MATERIAL FOR THE TASK:
□ □ □ □ □
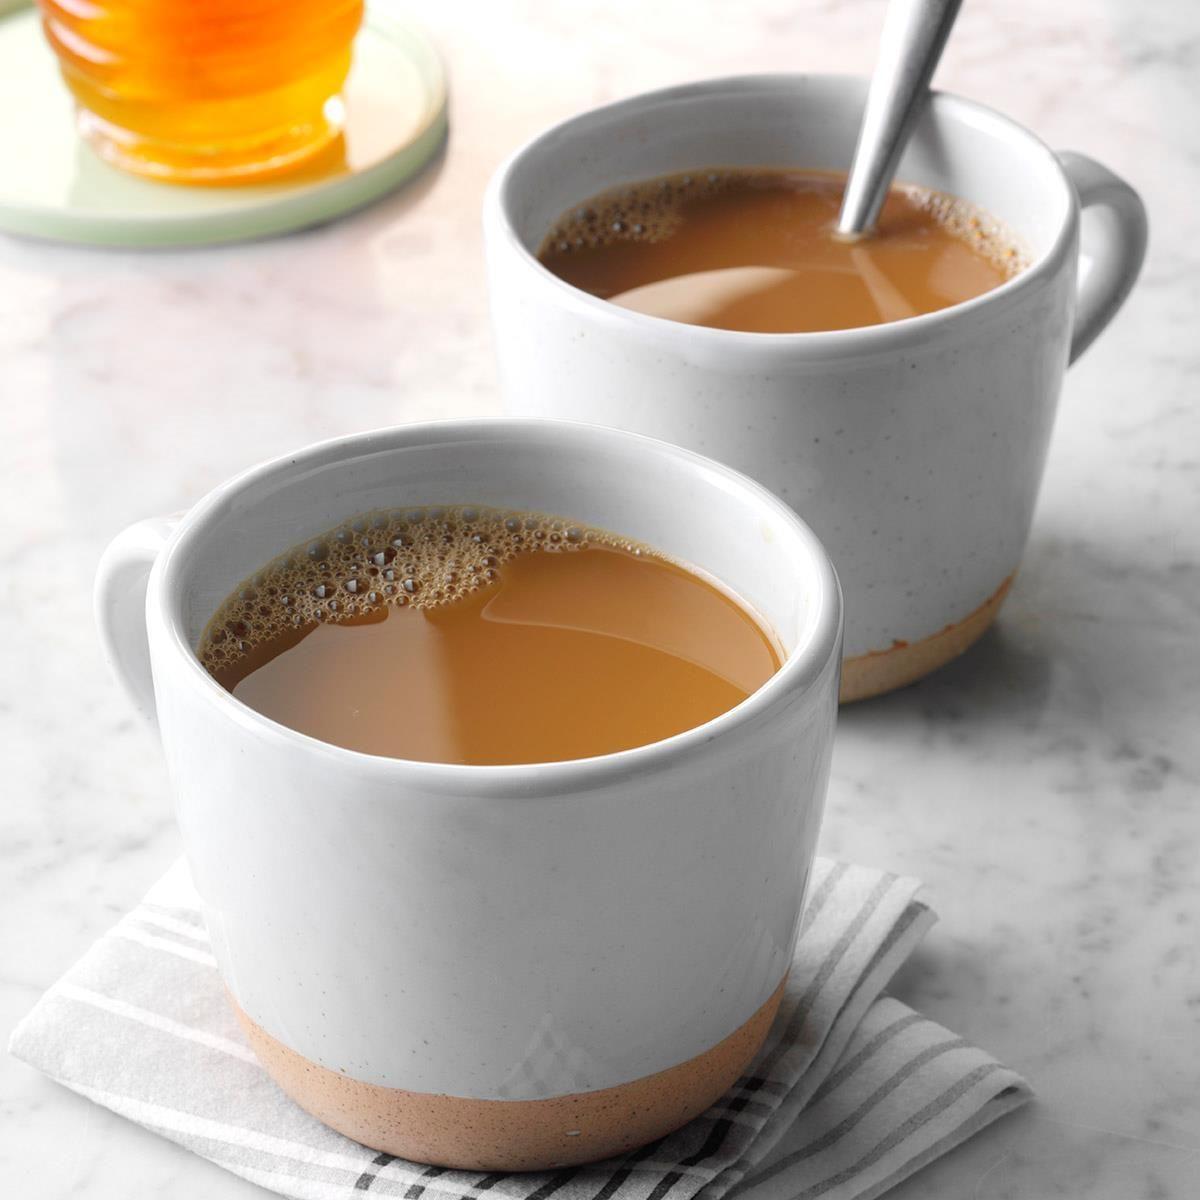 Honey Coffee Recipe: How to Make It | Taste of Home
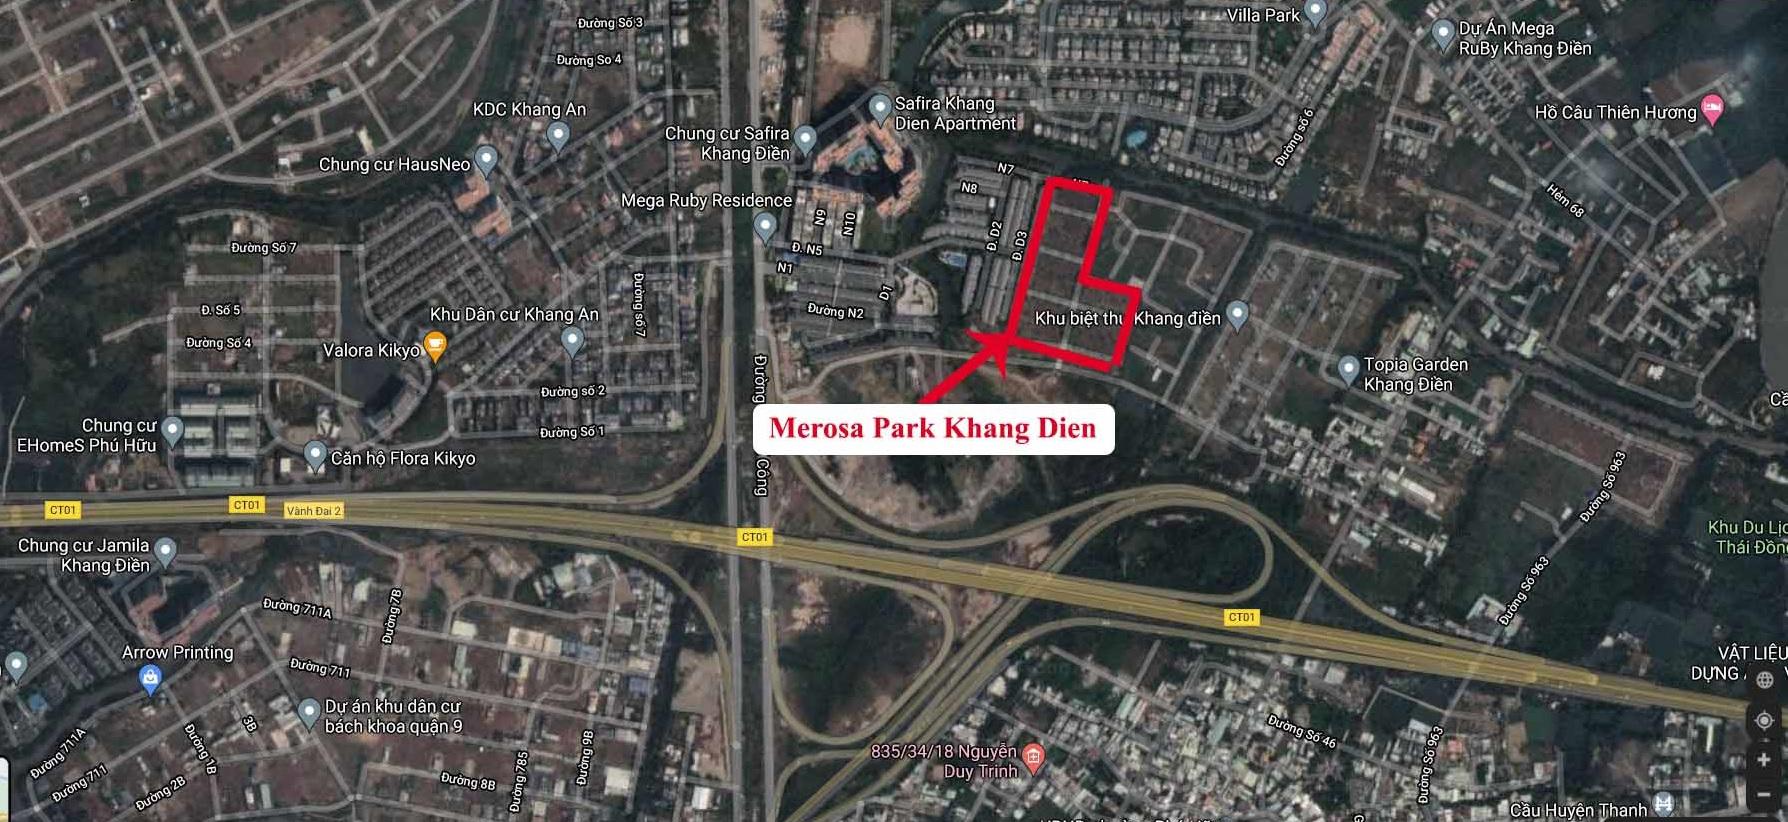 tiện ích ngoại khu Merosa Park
□ □ □ □ □
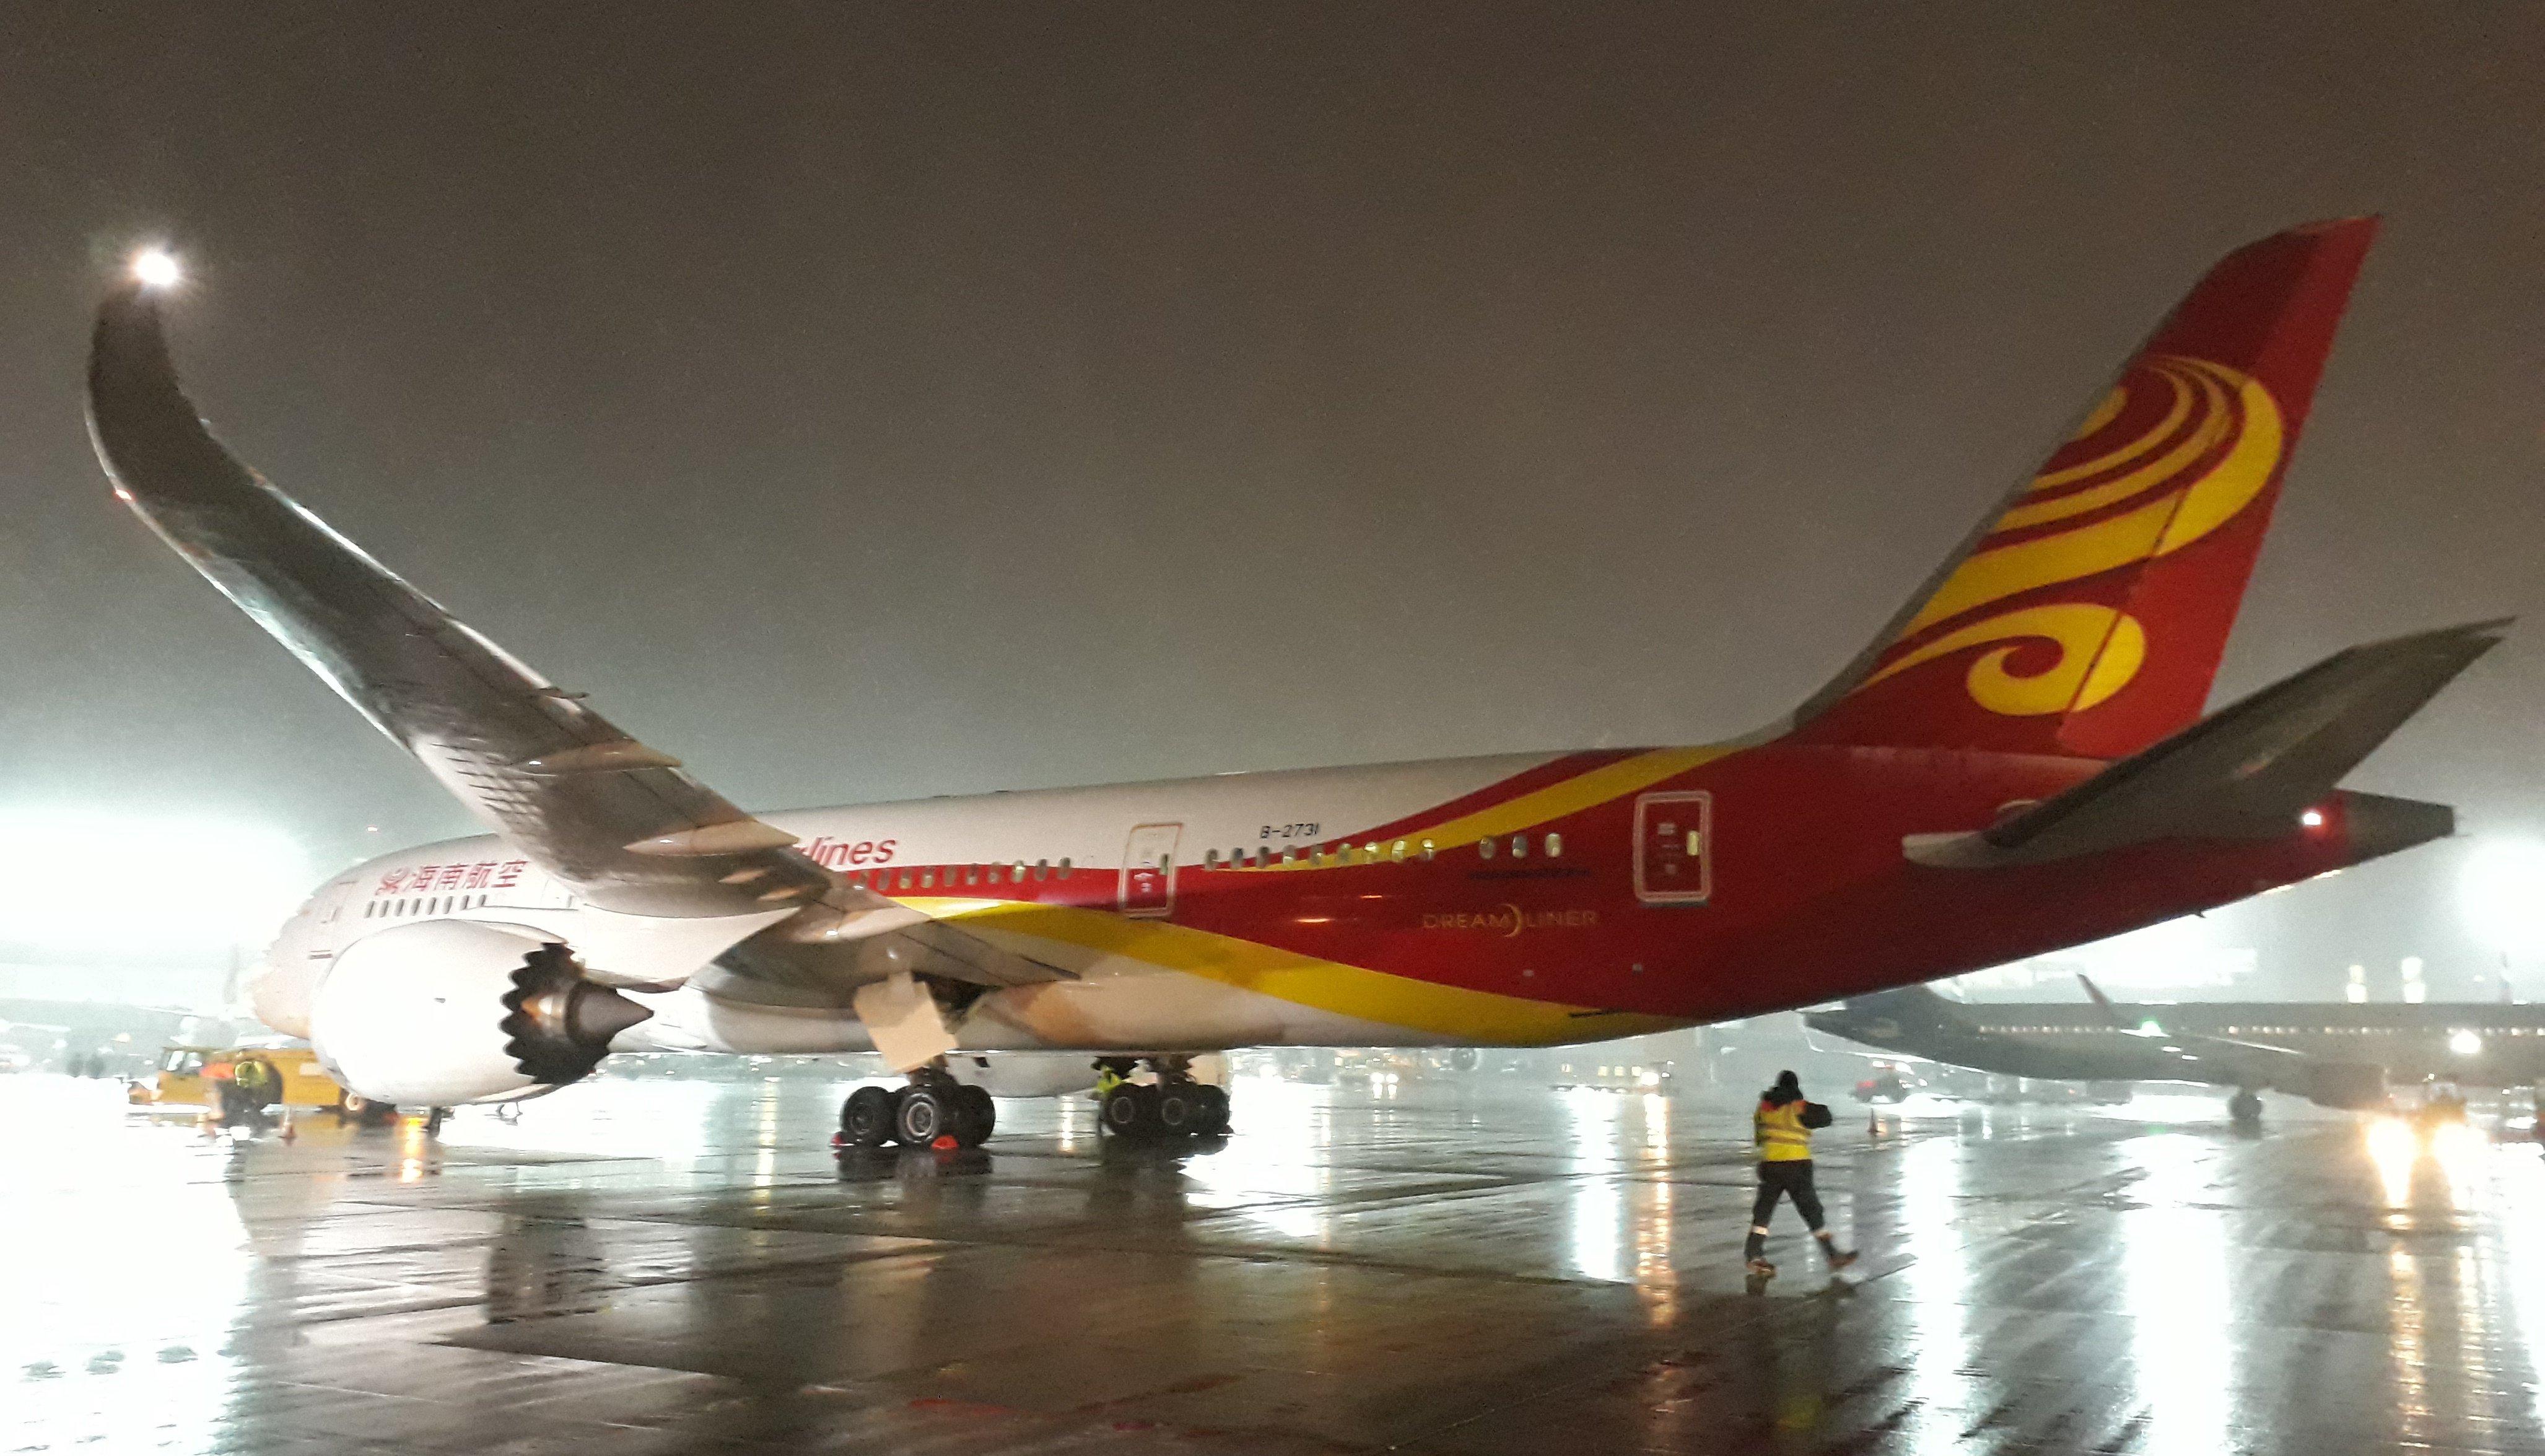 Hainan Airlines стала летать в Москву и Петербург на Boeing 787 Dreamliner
□ □ □ □ □
Look above for the line containing "Honey Coffee Recipe: How", then copy exactly from it through the line containing "tiện ích ngoại khu Merosa Park", keeping both and leaving out pictures. Add nothing else.

ANSWER SPACE:
 Honey Coffee Recipe: How to Make It | Taste of Home
 tiện ích ngoại khu Merosa Park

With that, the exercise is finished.